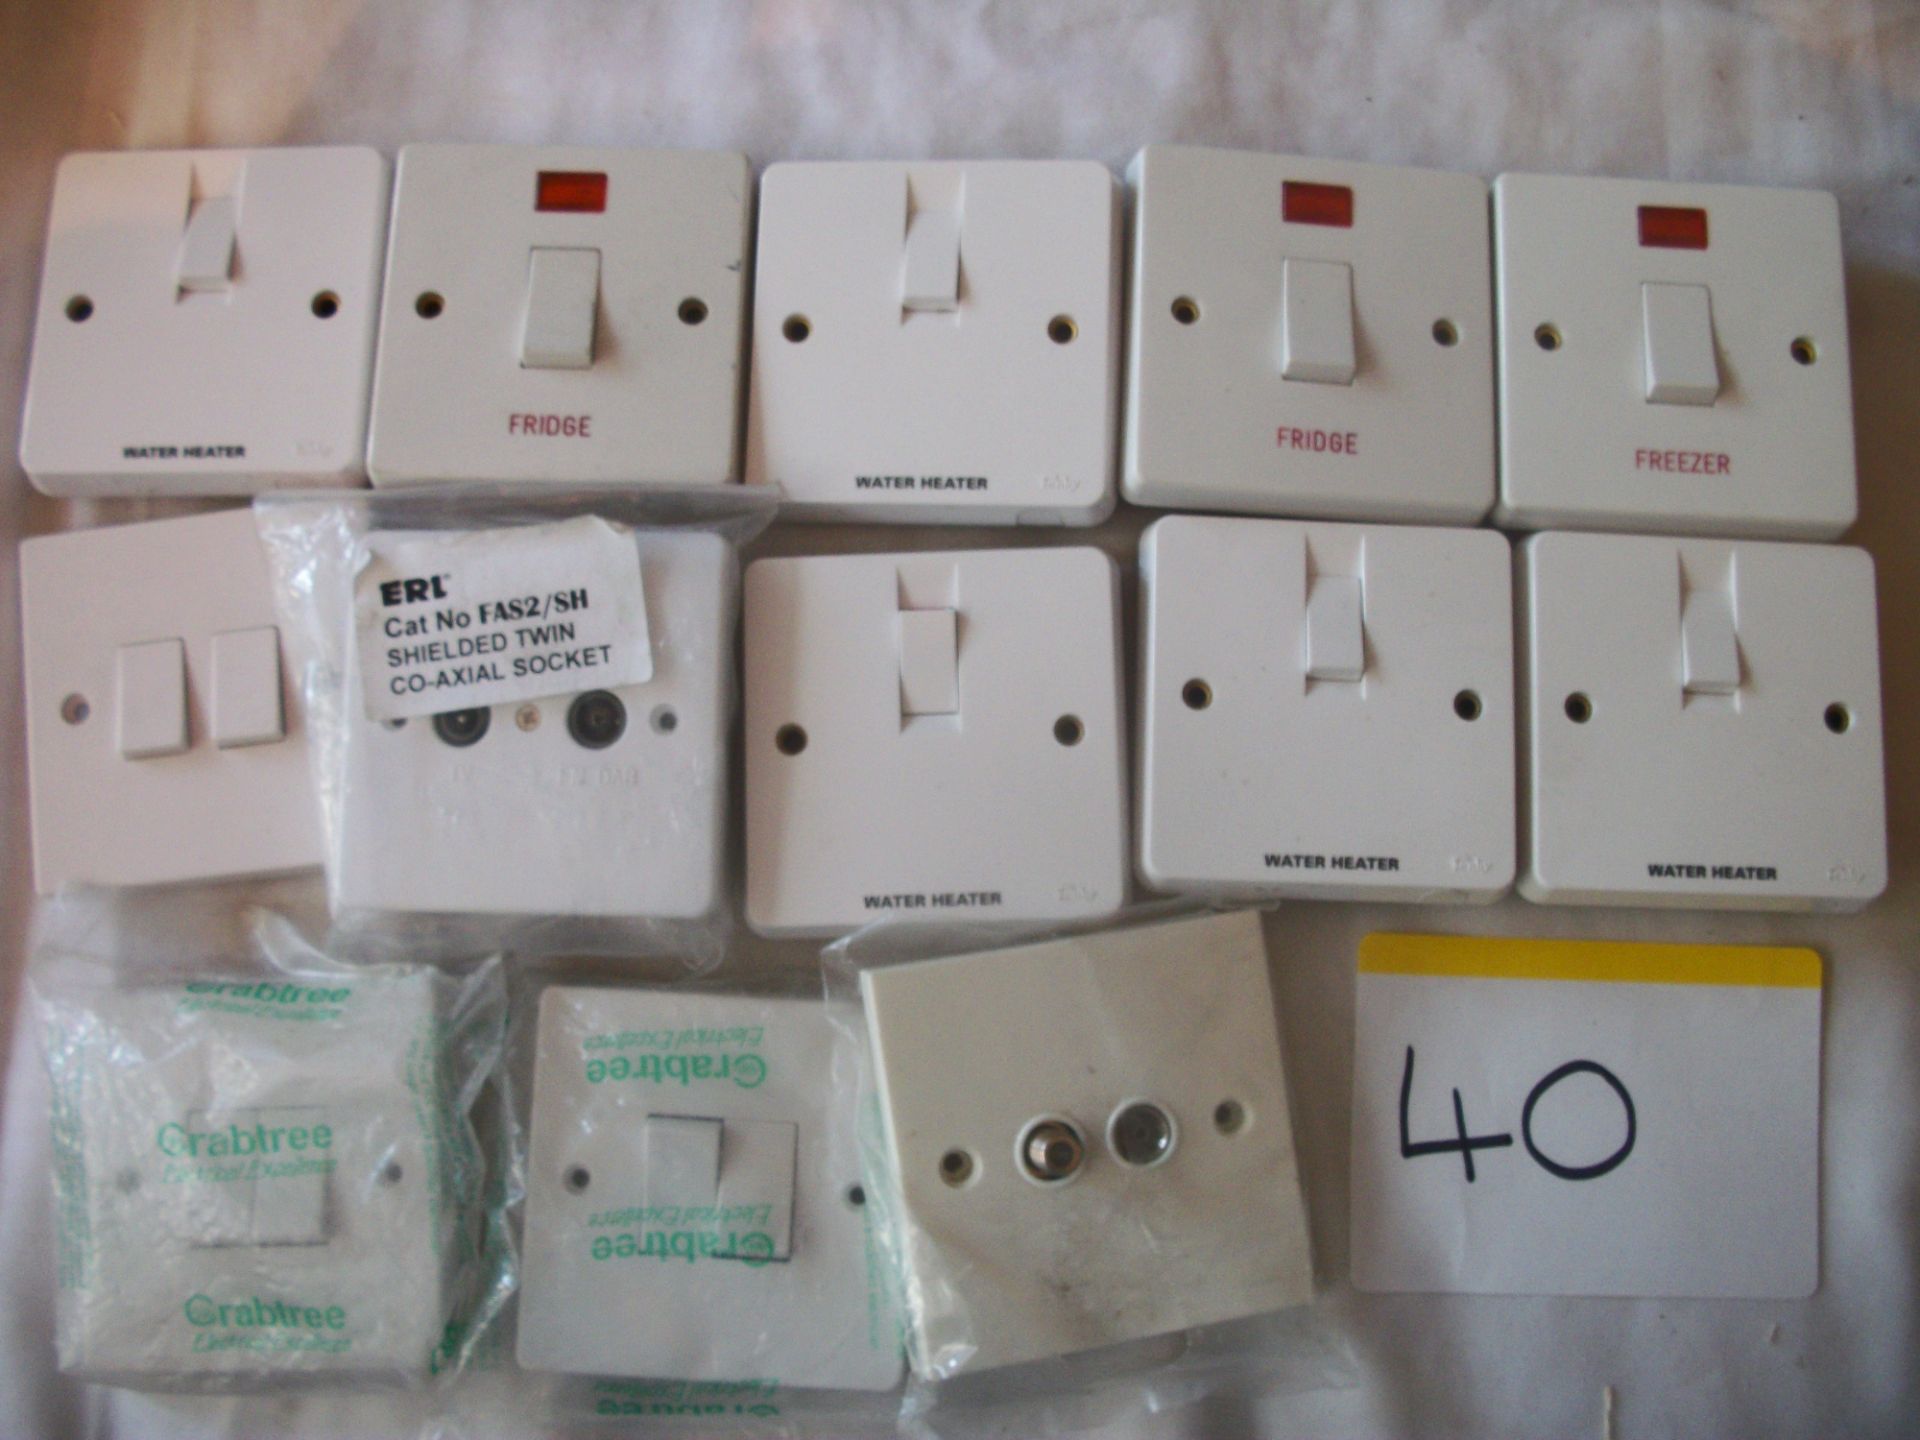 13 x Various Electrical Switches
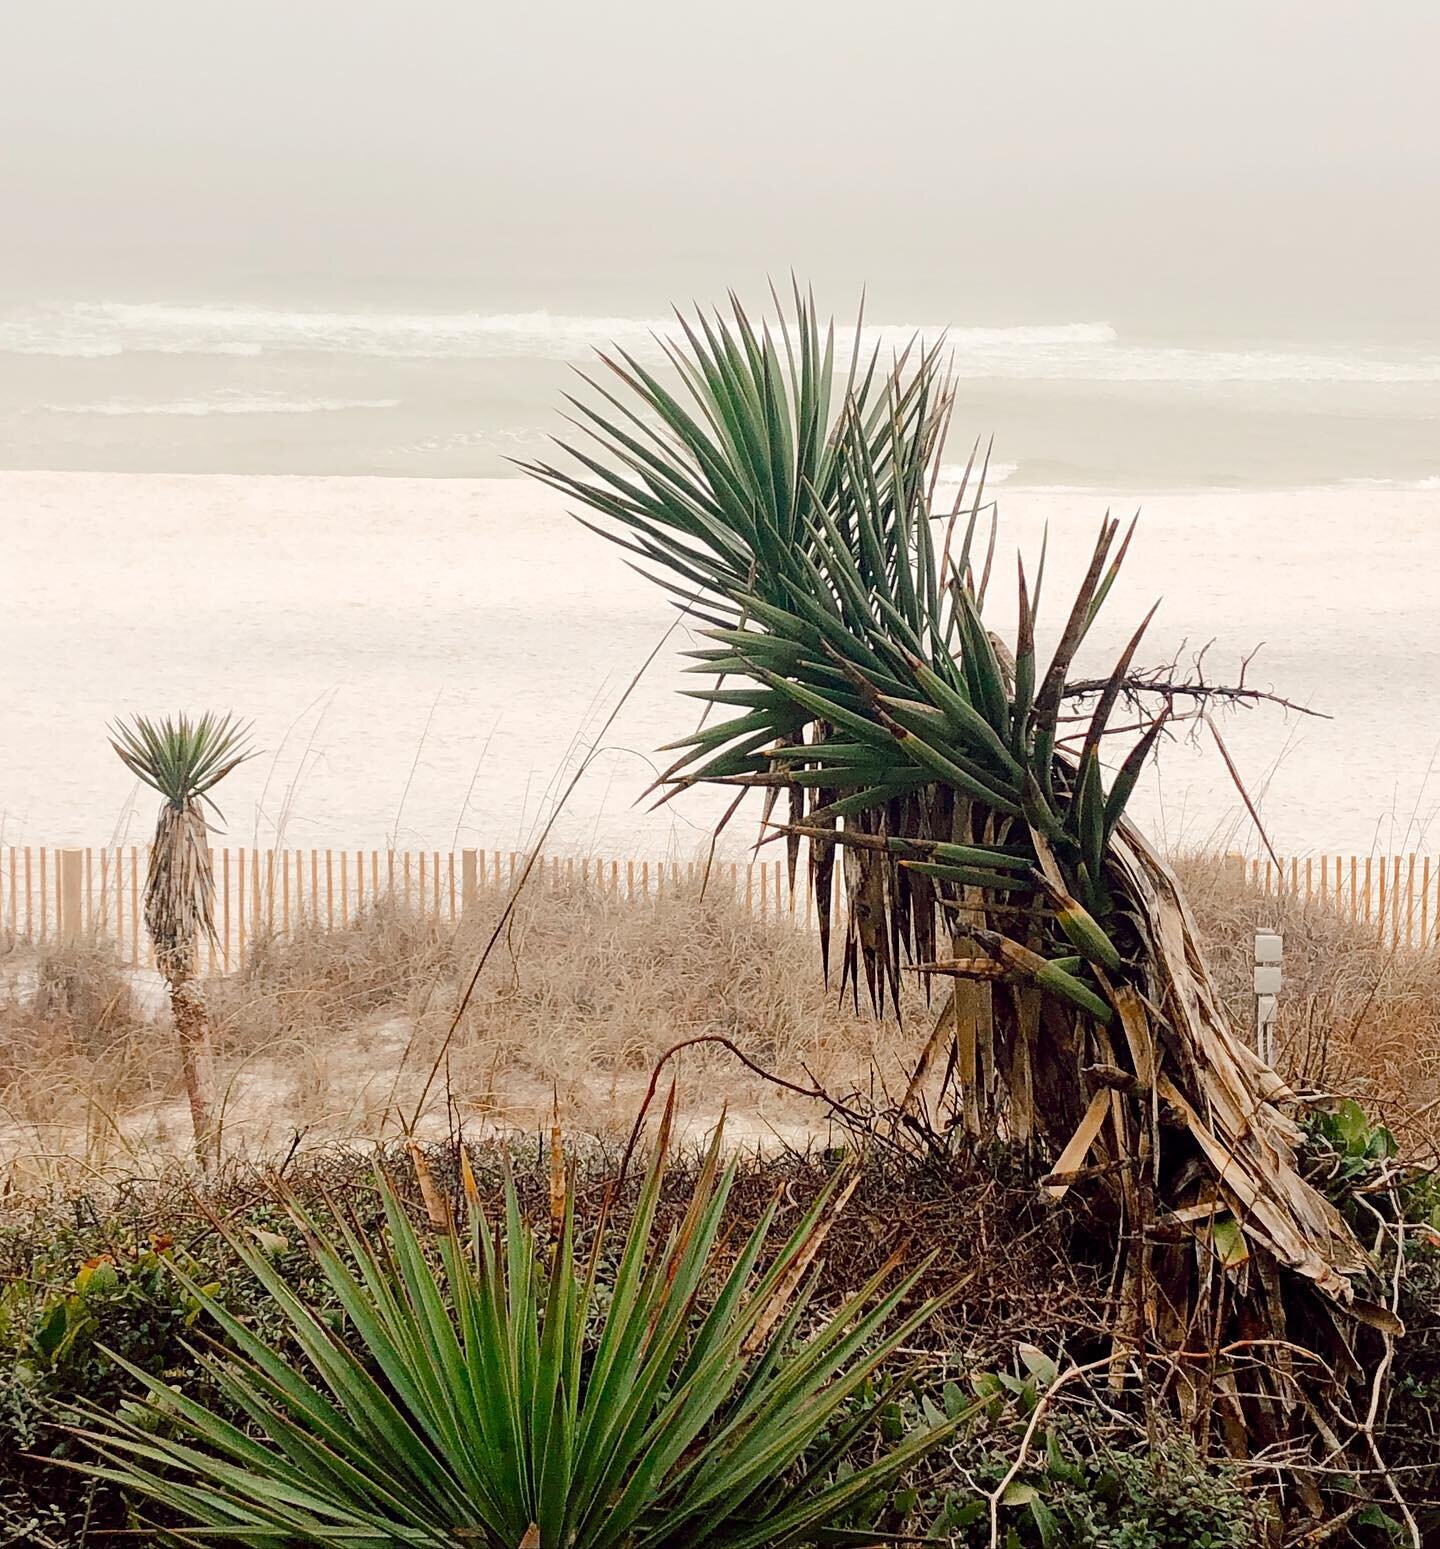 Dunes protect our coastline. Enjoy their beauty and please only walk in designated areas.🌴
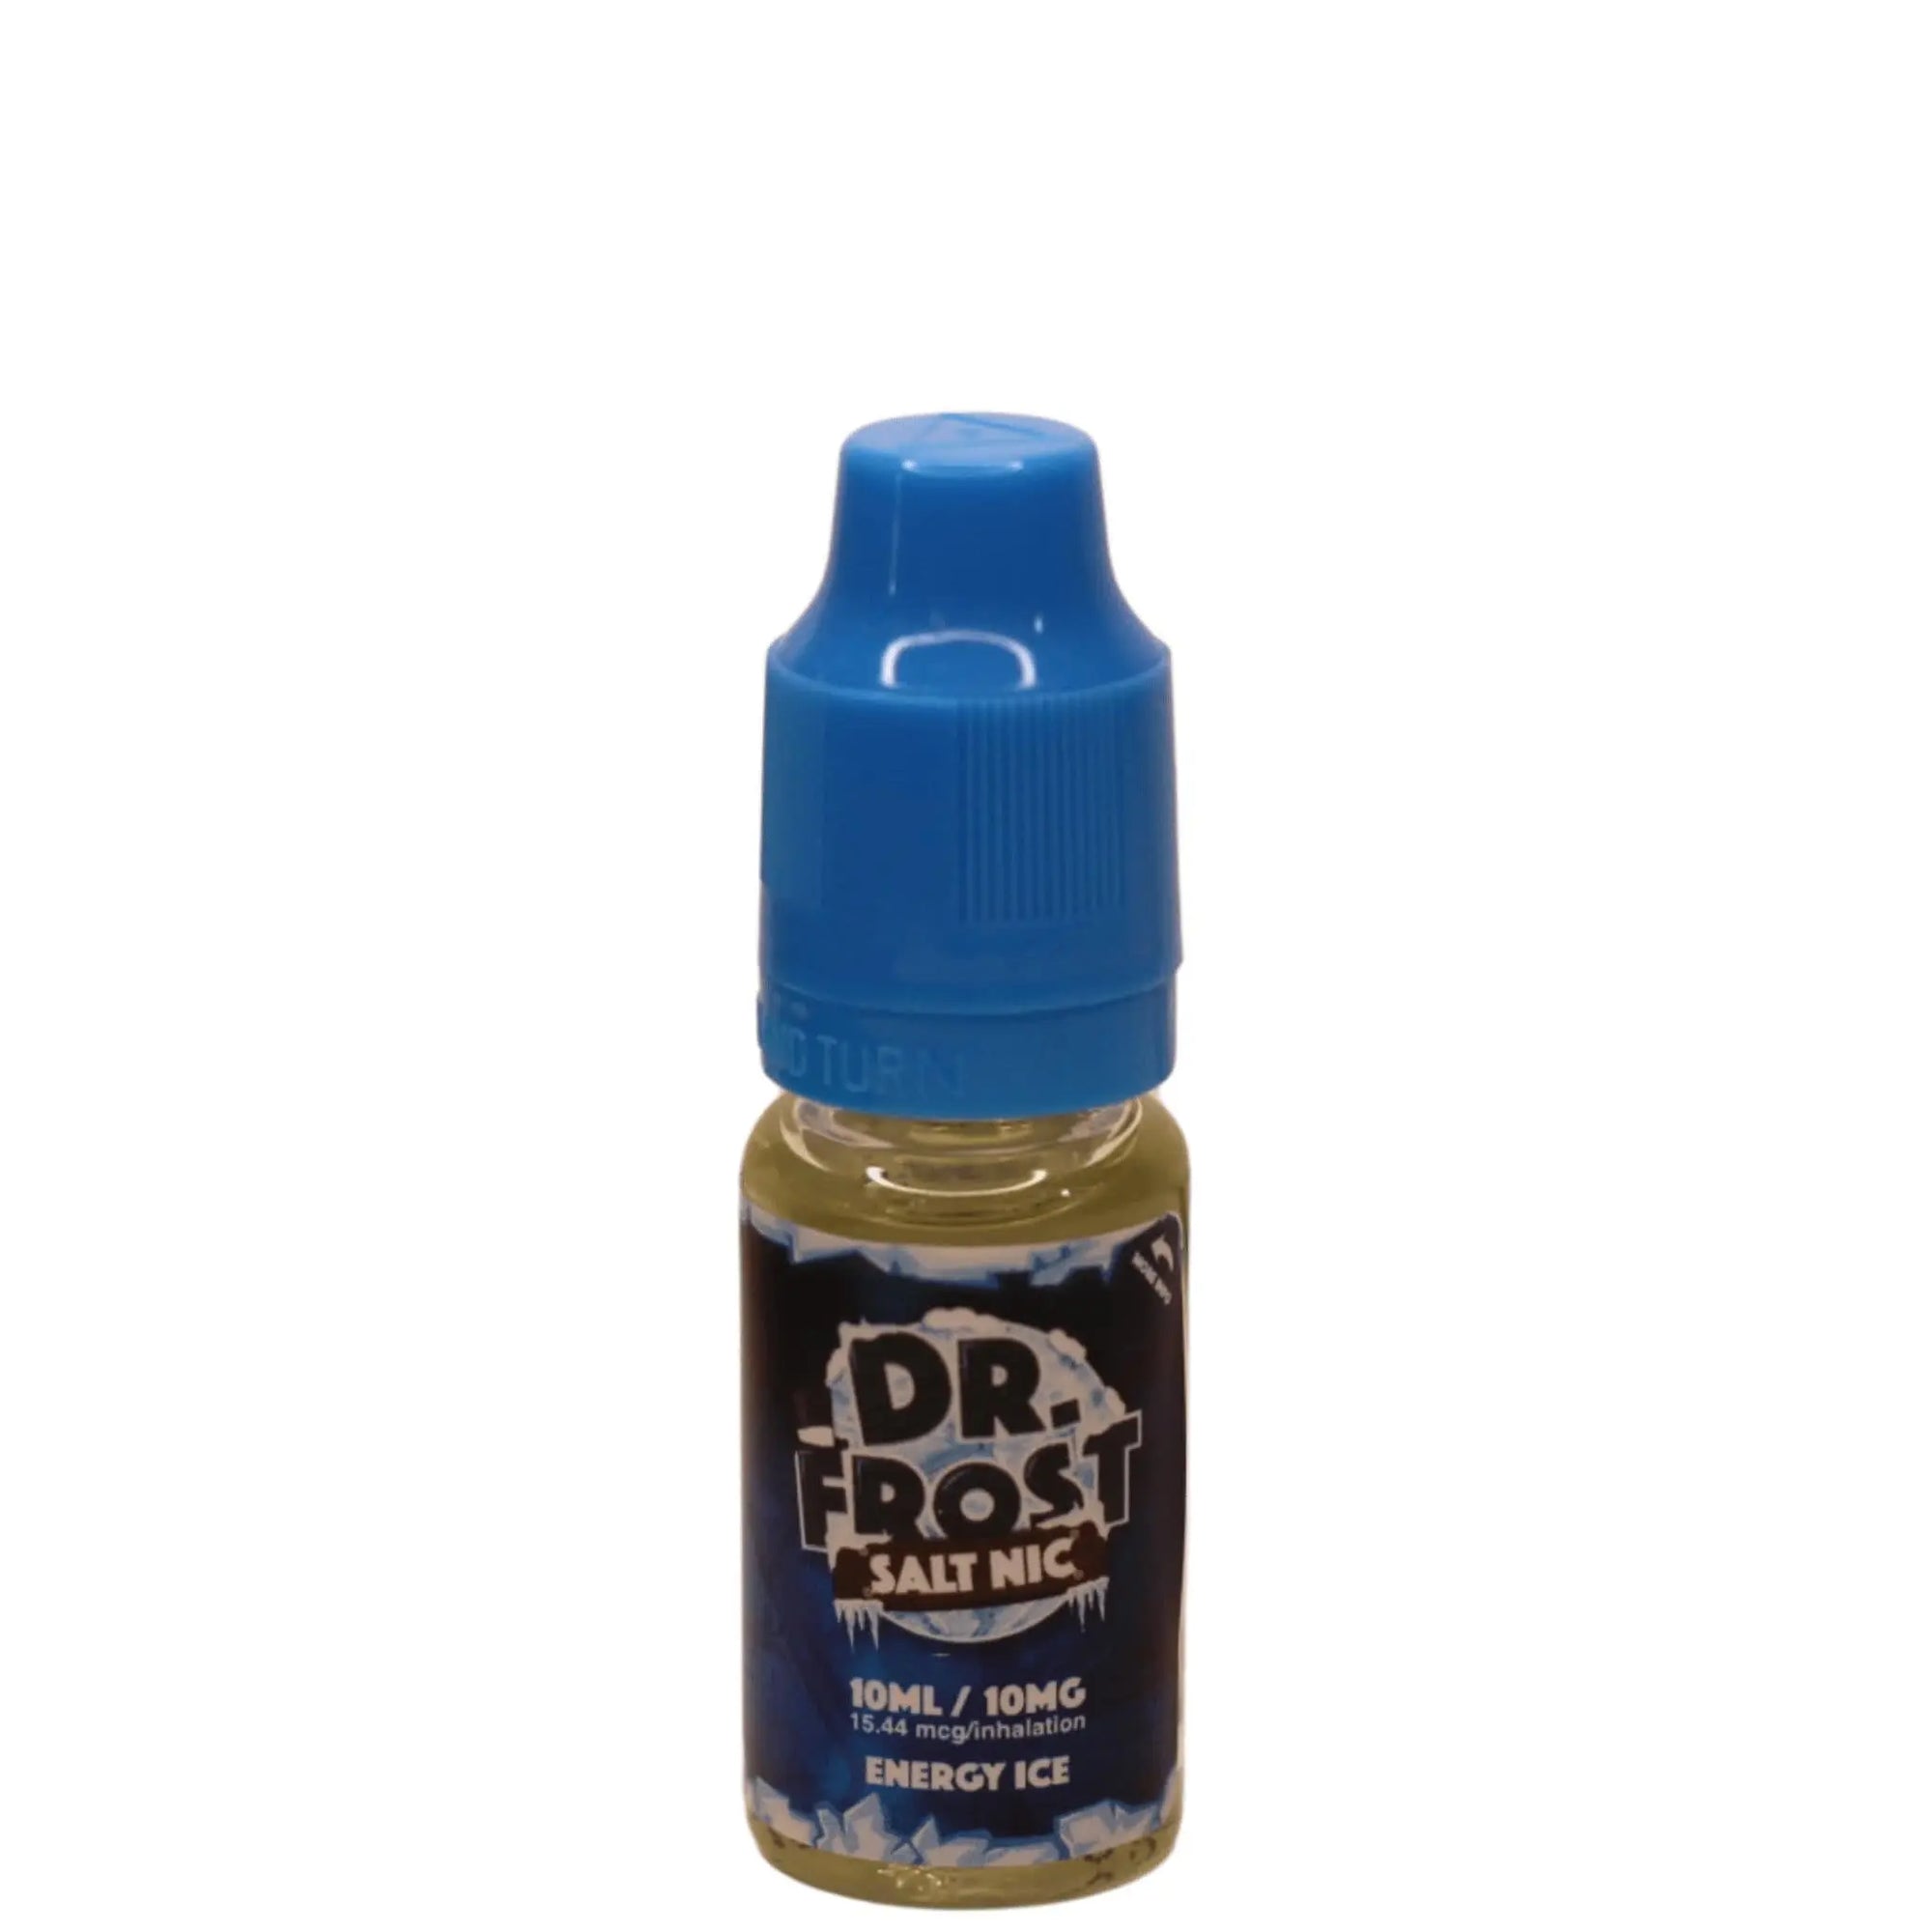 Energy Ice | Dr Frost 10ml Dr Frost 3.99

> _What to do_
Without copying any picture, write out all of the material exactly as it reads.

> _Solution for this exercise_
 13 x Various Electrical Switches
 Dunes protect our coastline. Enjoy their beauty and please only walk in designated areas.🌴
 Energy Ice | Dr Frost 10ml Dr Frost 3.99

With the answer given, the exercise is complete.